Exercise details:
Without any of the pictures, print every record below exactly.

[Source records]
+===+

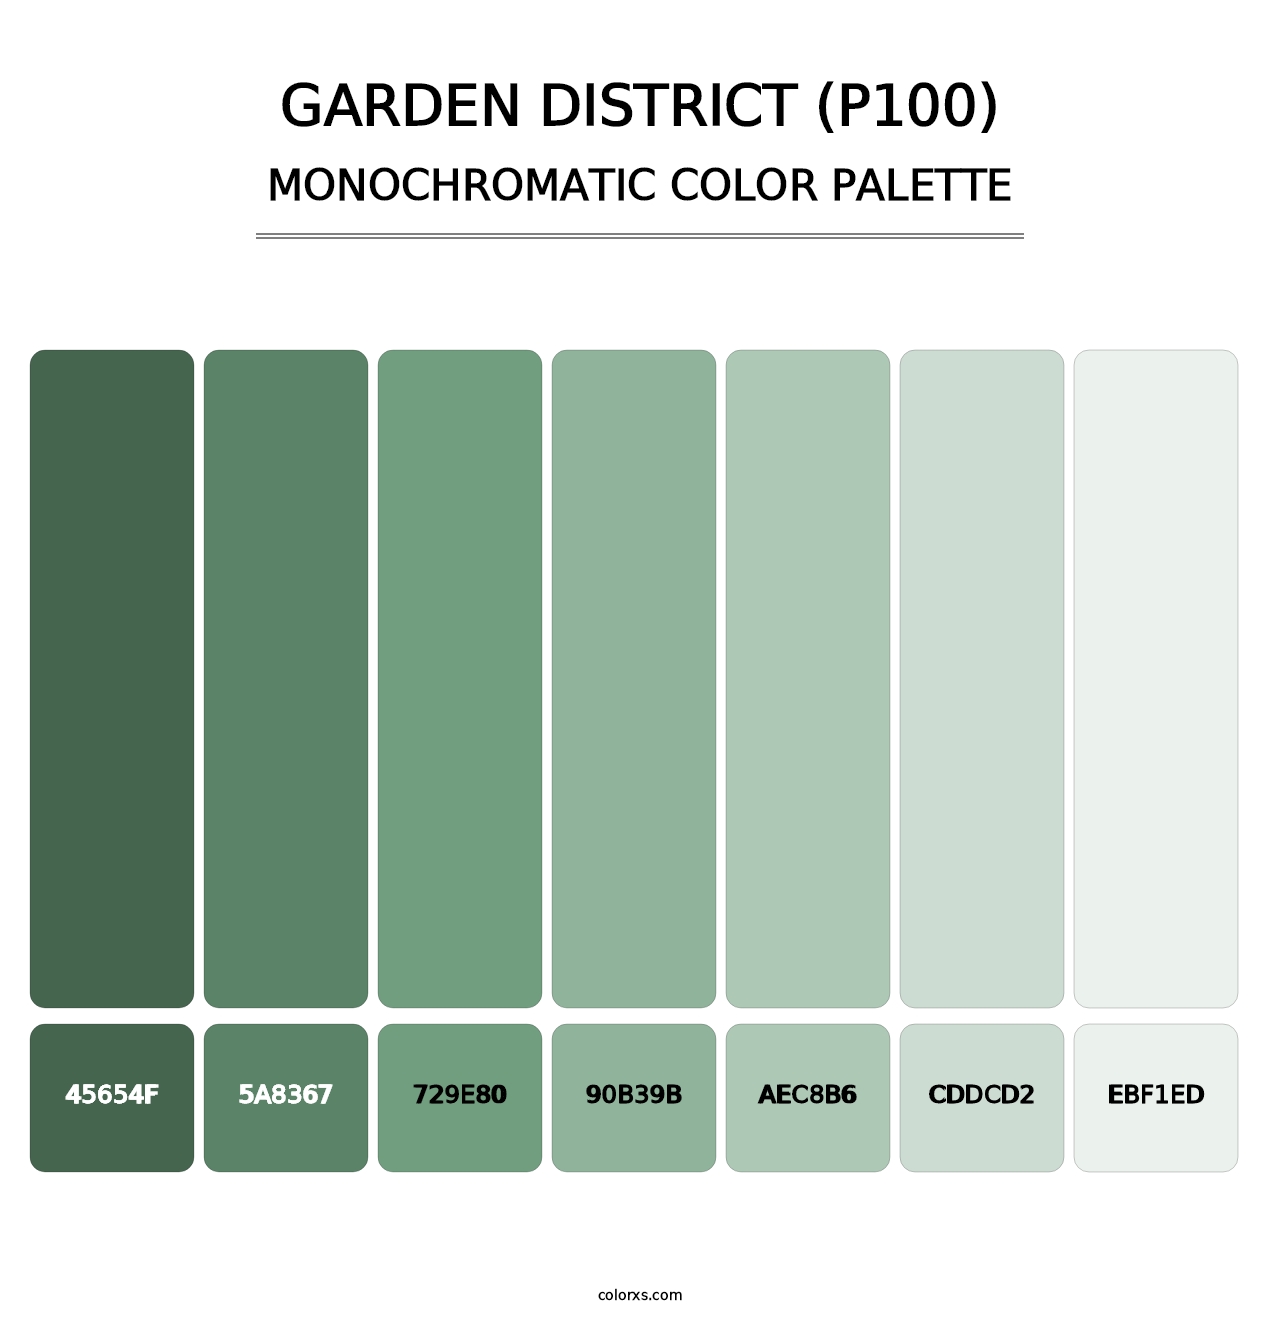 Garden District (P100) - Monochromatic Color Palette
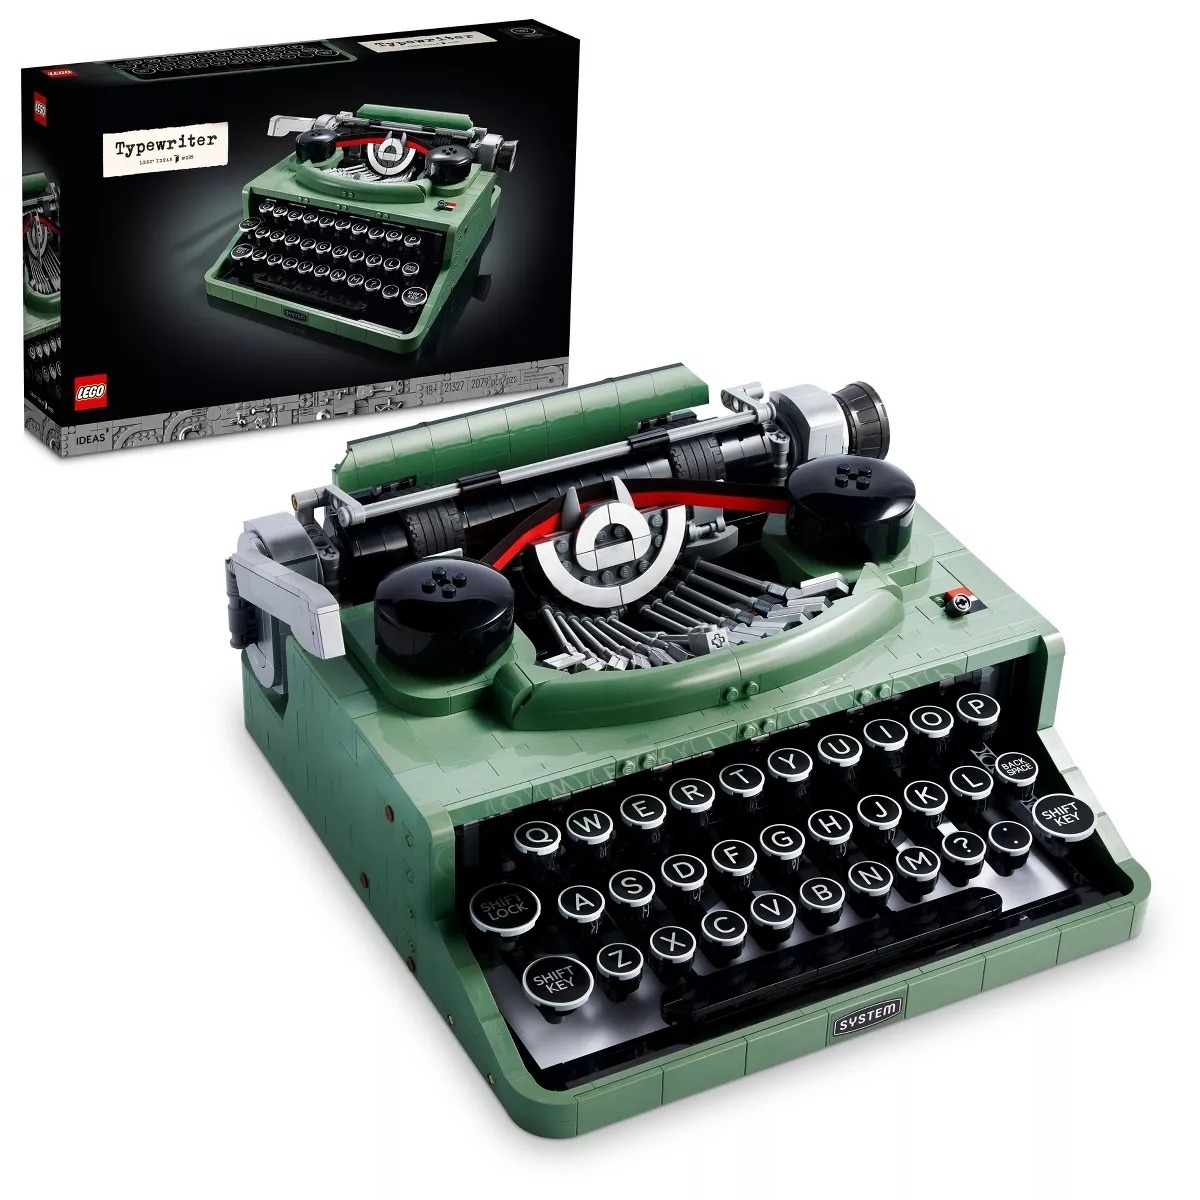 Lego Typerwriter
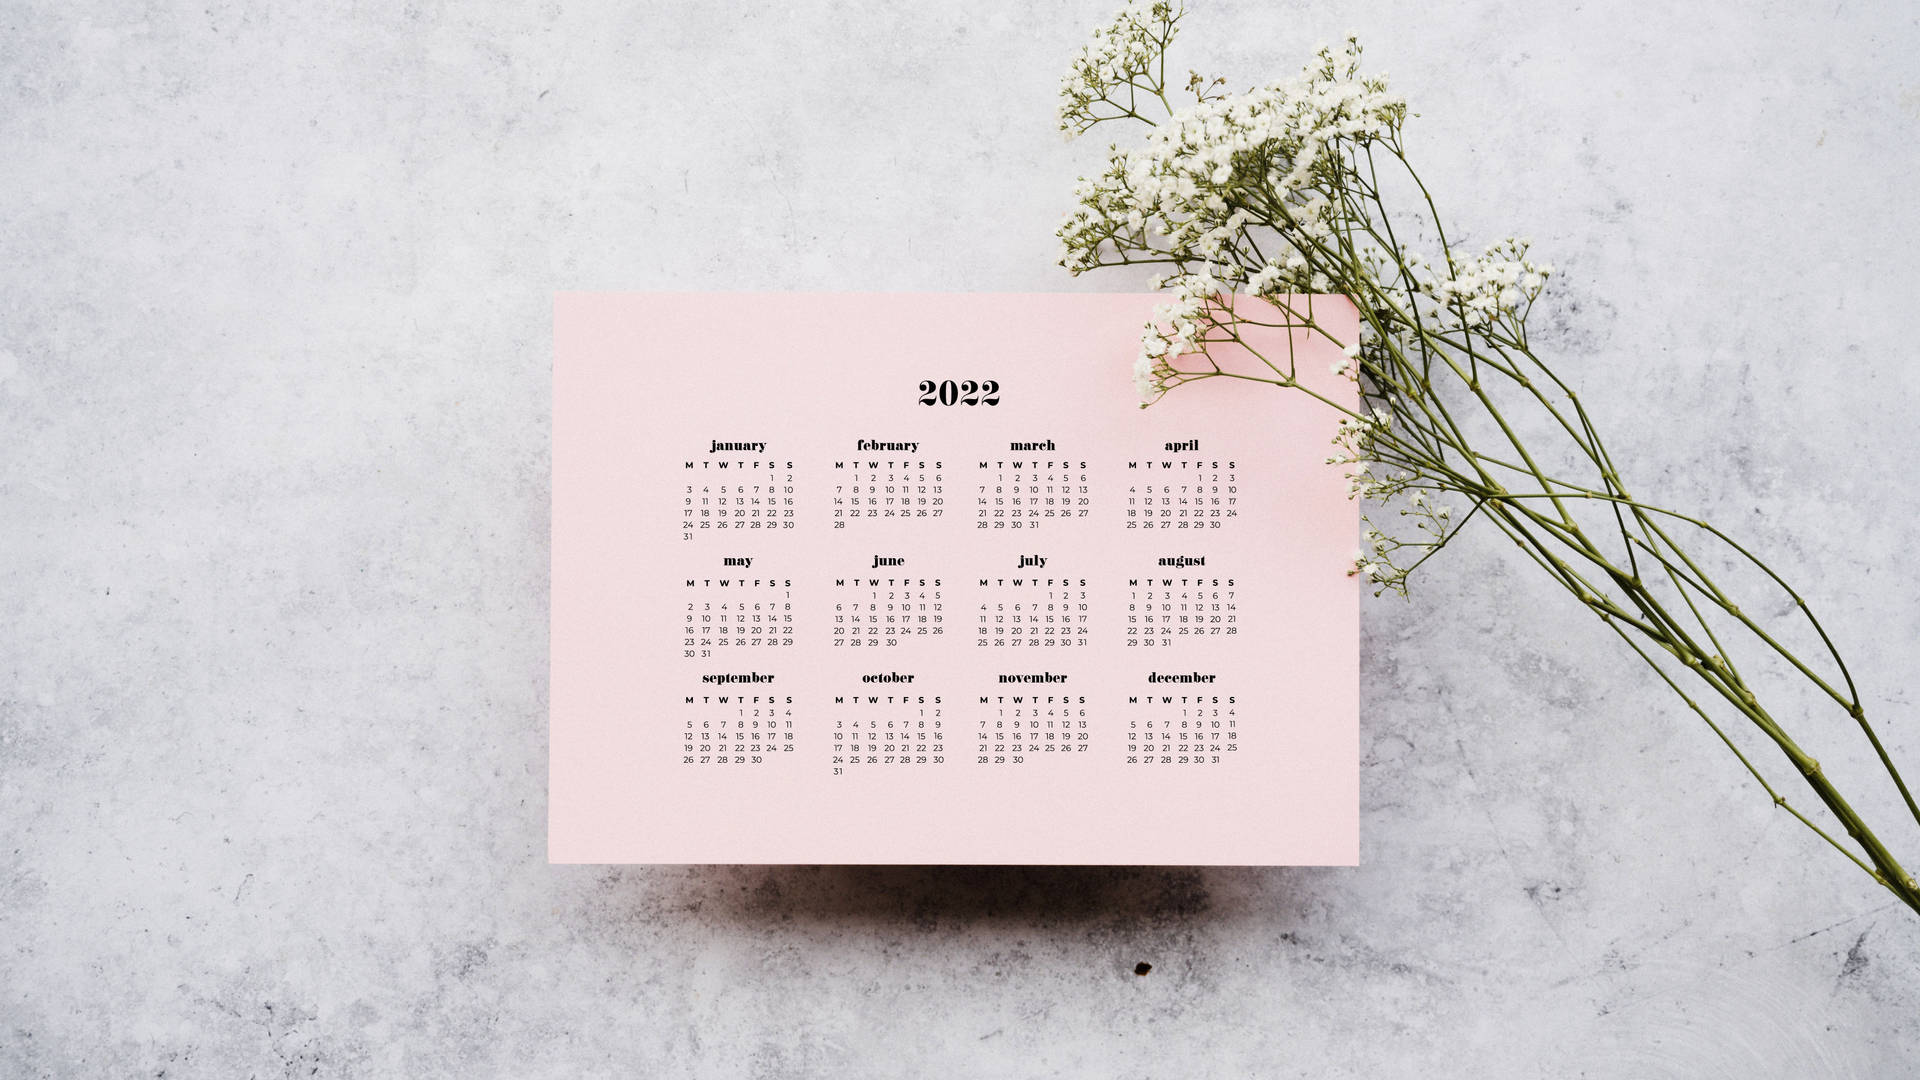 Gypsophila 2022 Calendar Picture
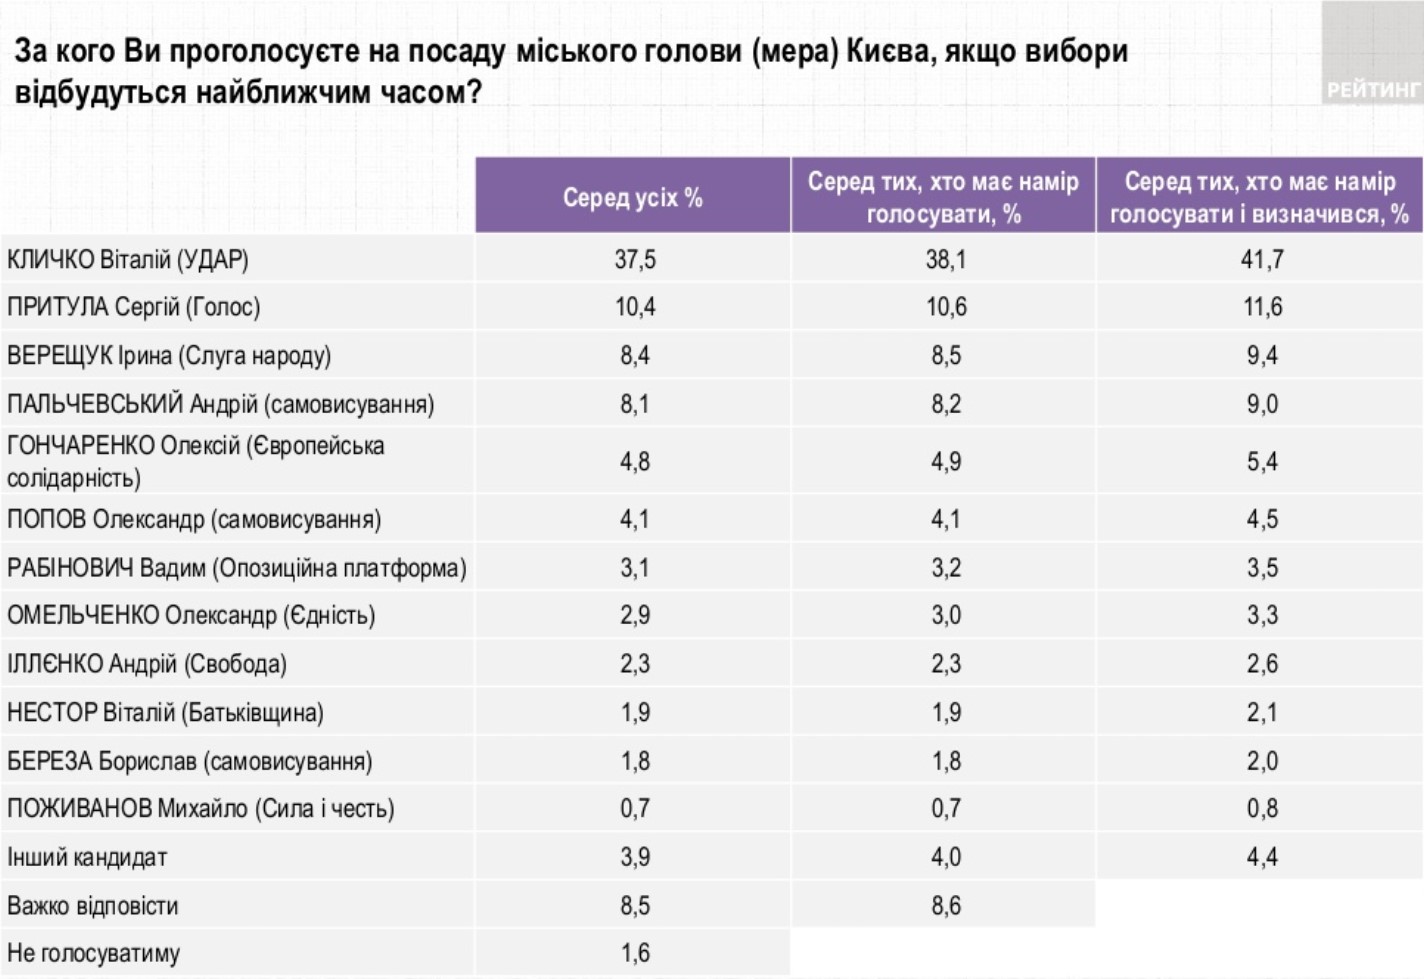 Выборы мэра в Киеве. Кличко лидирует, Притула на втором месте - опрос Рейтинга
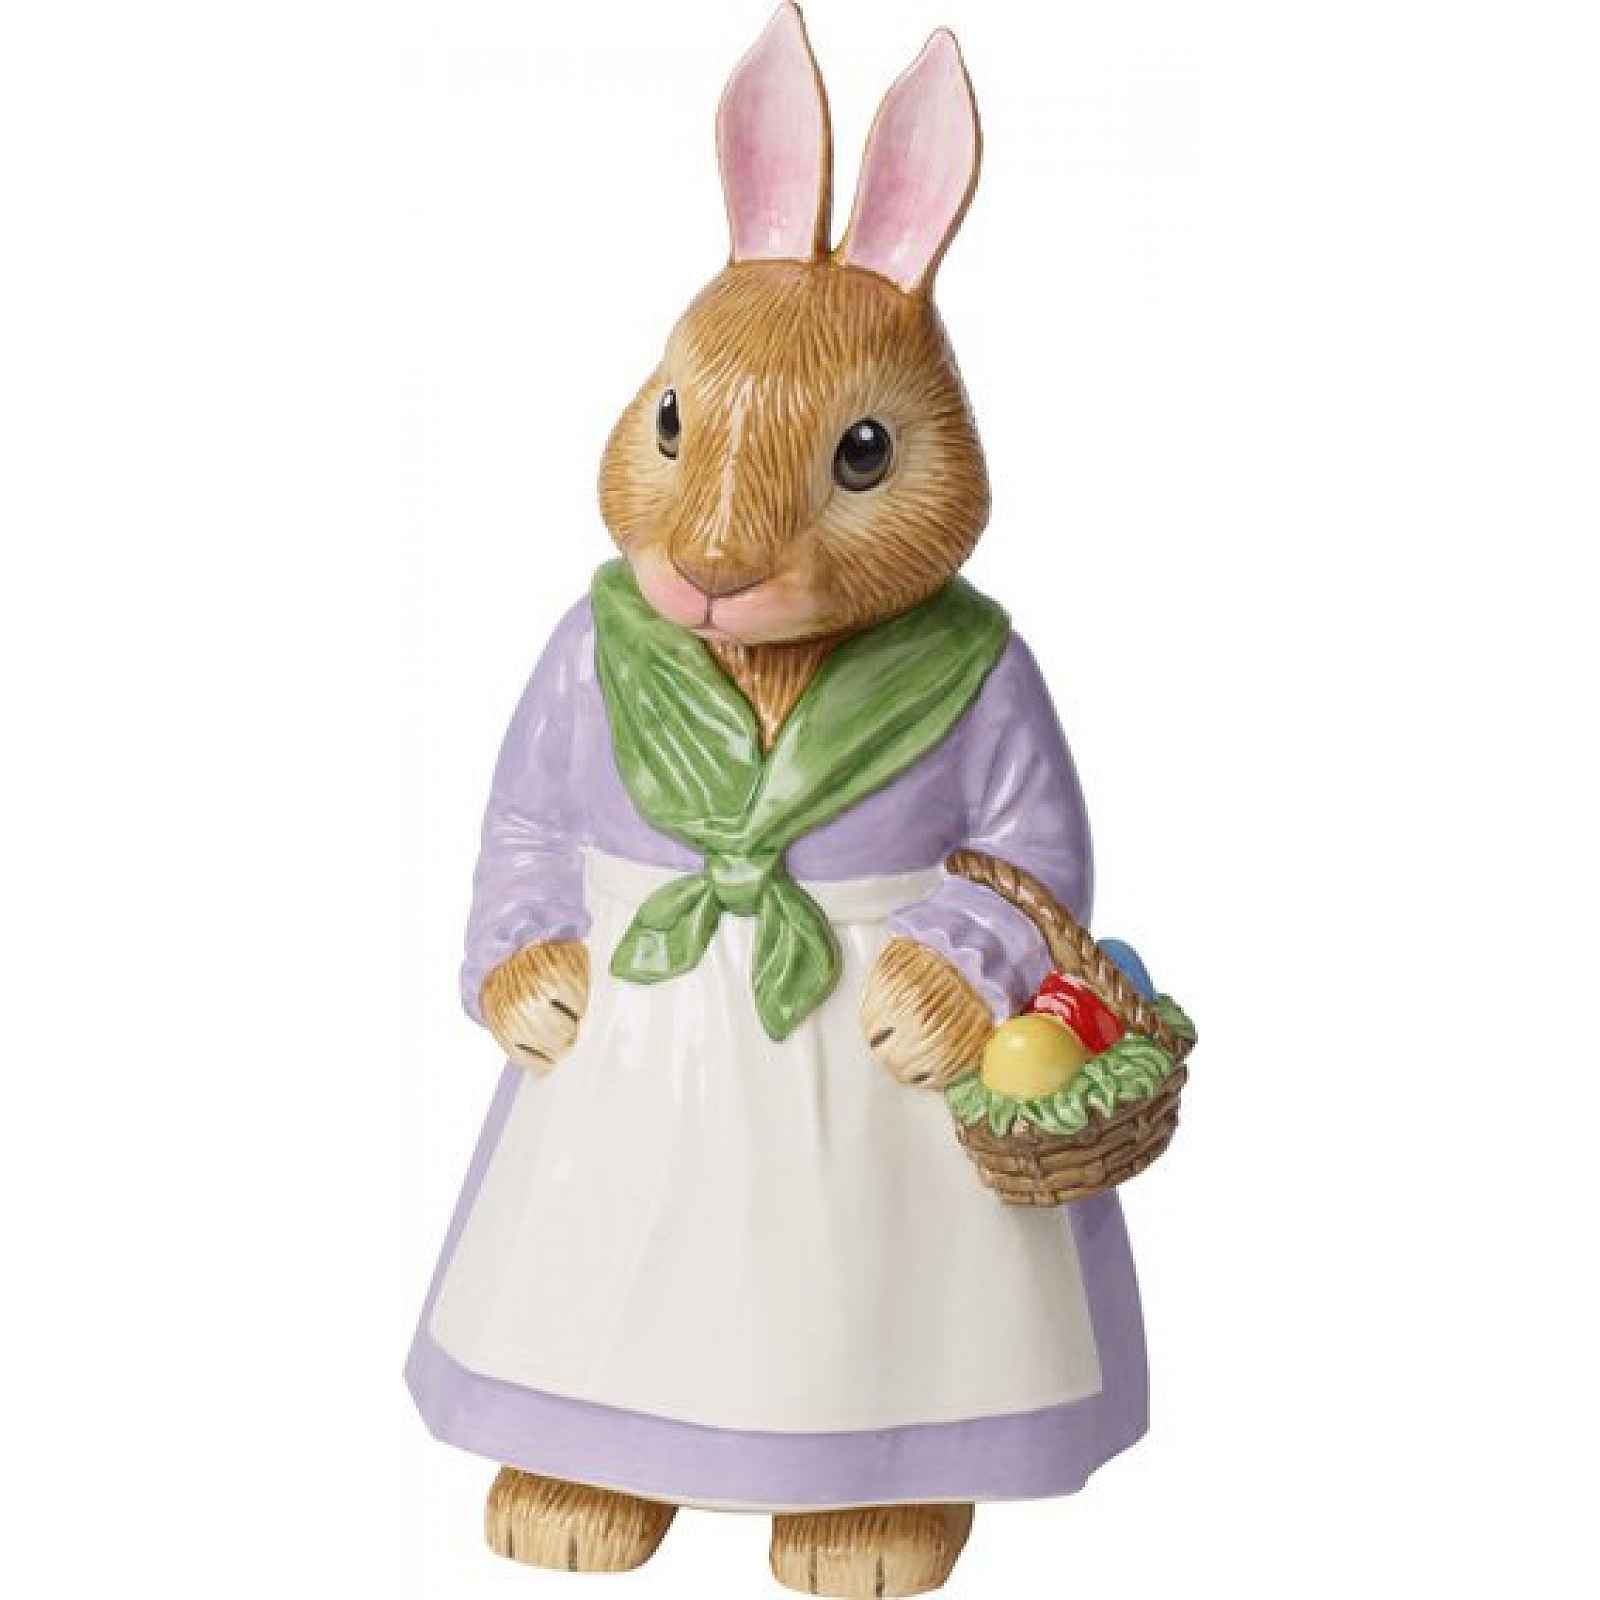 Villeroy & Boch Bunny Tales velká porcelánová zaječice babička Emma

+===+

The answer:
 Garden District (P100) - Monochromatic Color Palette
 Lego Typerwriter
 Gypsophila 2022 Calendar Picture
 Выборы мэра в Киеве. Кличко лидирует, Притула на втором месте - опрос Рейтинга
 Villeroy & Boch Bunny Tales velká porcelánová zaječice babička Emma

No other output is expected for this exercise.